一种异构系统、计算任务分配方法及装置,涉及数据处理领域,该方法用于包括有n种计算单元的异构系统中,该方法包括:根据待分配的计算任务的任务类型,从n种计算模块中确定至少两种具有执行计算任务的能力的计算模块(301);预测计算任务在至少两种计算模块中每种计算模块上执行的时间开销(302),并获取每种计算模块的资源占用率(303);根据时间开销和资源占用率从至少两种计算模块中确定目标计算模块(304);将计算任务分配至目标计算模块(305);解决了在分配计算任务的过程中只考虑计算任务的任务类型,可能会降低整个异构系统的计算效率的问题,达到了综合考虑每种计算单元的时间开销和资源使用情况,整体上提高异构系统的计算效率的效果。

Description

异构系统、计算任务分配方法及装置 技术领域
本发明实施例涉及数据处理领域,特别涉及一种异构系统、计算任务分配方法及装置。
背景技术
中大型数据库中存储有海量数据,所以中大型数据库需要对海量数据进行计算处理,并要求具有较高的处理速度。
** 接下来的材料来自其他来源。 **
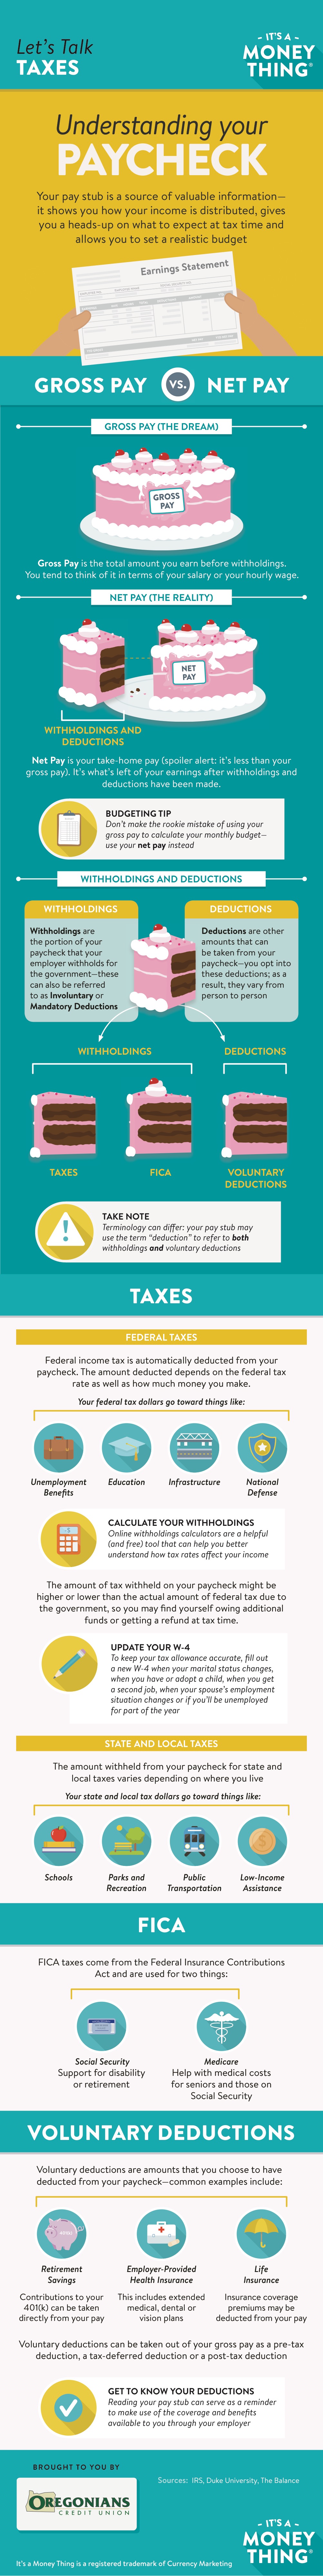 Lets talk taxes infographic

目前的一些中大型数据库采用异构系统来对数据库中的计算任务进行加速。
异构系统是指将使用不同类型的指令集和体系架构的计算单元组成计算系统的计算方式。常见的异构系统包括:中央处理器(Central Processing Unit,CPU)类计算模块、图形处理器(Graphics Processing Unit,GPU)类计算模块和现场可编程门阵列(Field Programmable Gate Array,FPGA)计算模块。由于每种计算模块在执行计算任务时具有各自擅长的类型,在执行擅长的计算任务时所耗费的时长较少。当异构系统接收到计算任务时,异构系统中的操作系统根据计算任务的任务类型,将计算任务分配给异构系统中相应的计算模块进行处理。比如:计算任务A的任务类型是复杂运算类型,则将计算任务A分配至CPU类计算模块进行处理;计算任务B的任务类型是浮点型,则将计算任务B分配至GPU类计算模块进行处理;计算任务C的任务类型是并行运算类型,则将计算任务C分配至FPGA类计算模块进行处理。
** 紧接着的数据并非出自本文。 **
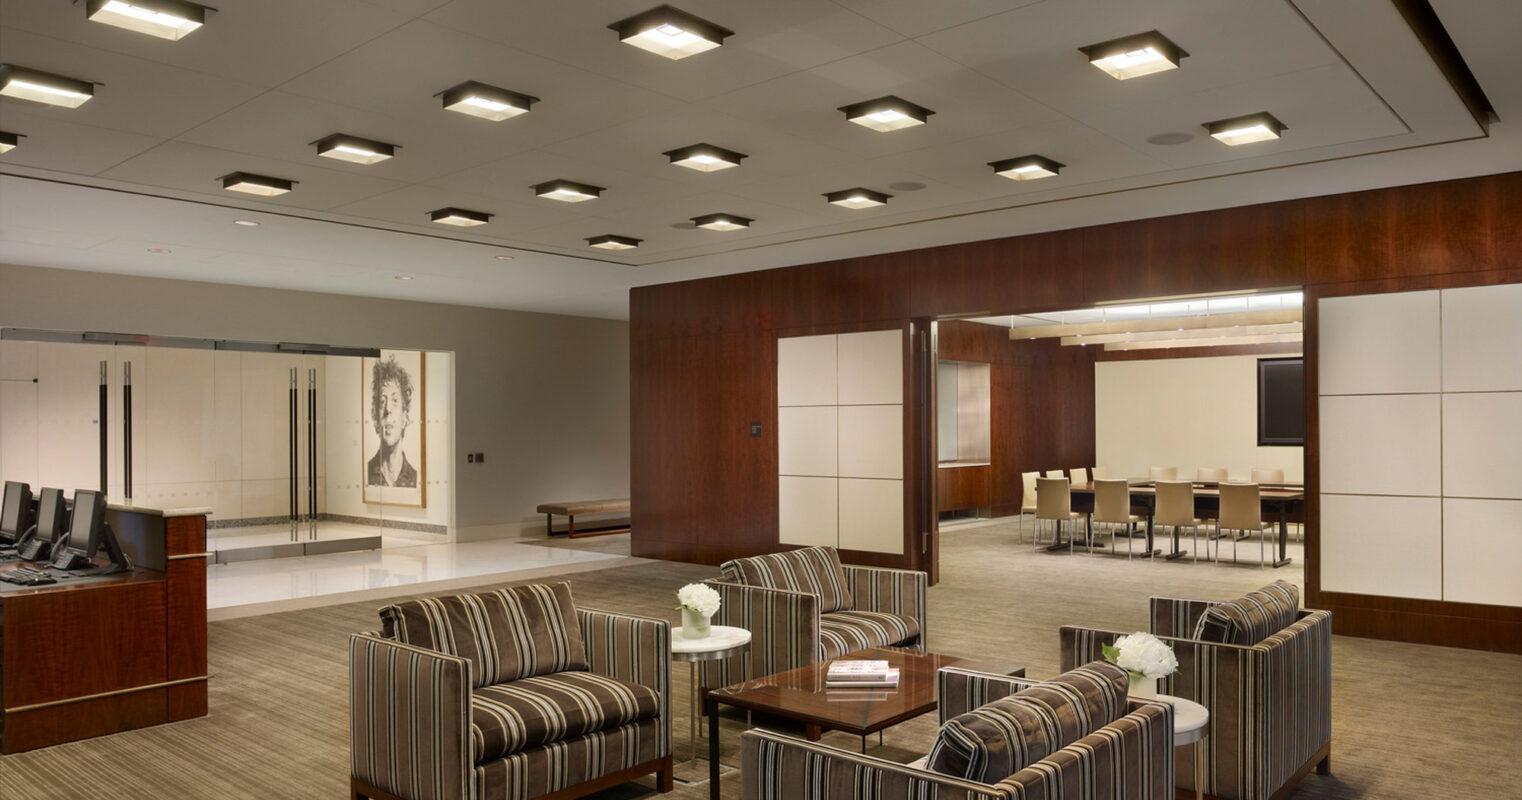 Modern corporate lobby featuring striped upholstered seating, recessed ceiling lights, dark wood paneling, and neutral-toned carpet. Glass partitions provide a glimpse into the adjacent conference room, creating a sense of openness while preserving privacy.

在上述分配计算任务的过程中,只考虑了计算任务的任务类型。当某一种计算模块的空闲资源较少且被分配了较多的计算任务,而其它种类的计算模块又具有较多的空闲资源时,会降低整个异构系统的计算效率。
发明内容
为了解决现有技术的问题,本发明提供了一种异构系统、计算任务分配方法及装置。所述技术方案如下:
第一方面,本发明实施例提供了一种计算任务分配方法。由于异构系统在 分配计算任务的过程中只考虑计算任务的任务类型,可能会出现降低整个异构系统的计算效率的情况,为了充分考虑各个计算模块的资源使用率,对分配计算任务的方法进行了改进。
作为本申请的一种可能的实现方式,该计算任务分配方法包括:根据待分配的计算任务的任务类型,在异构系统所包括的n种计算模块中确定至少两种具有执行该计算任务的能力的计算模块;预测该计算任务在至少两种计算模块中每种计算模块上执行的时间开销;并获取每种计算模块的资源占用率;根据时间开销和资源占用率从至少两种计算模块中确定目标计算模块;并将该计算任务分配至目标计算模块,由目标计算模块执行该计算任务。
本申请通过根据计算任务的任务类型,预测出计算任务在每种计算模块上的时间开销,并获取每种计算模块的资源占用率,在确定用于执行计算任务的计算模块时,同时考虑计算任务在计算模块的时间开销和计算模块中的资源使用率,有助于解决在分配计算任务的过程中只考虑计算任务的任务类型,可能会降低整个异构系统的计算效率的问题,达到了在分配计算任务时,综合考虑每种计算模块的时间开销和资源使用情况,整体上提高异构系统的计算效率的效果。
结合第一方面,在第一方面的第一种可能的实施方式,上述根据时间开销和资源占用率从至少两种计算模块中确定目标计算模块,包括:根据每种计算模块的时间开销和每种计算模块的资源占用率,计算得到每种计算模块的加权和;将加权和未超过预定阈值且具有最小的该时间开销的计算模块,确定为目标计算模块。在本实施方式中,通过加权和未超过预定阈值且具有最小的时间开销的计算模块确定为目标计算模块,在考虑每种计算模块的资源使用率的前提下,优先将具有最小的时间开销的计算模块确定为目标计算模块,有利于充分发挥异构系统的计算性能。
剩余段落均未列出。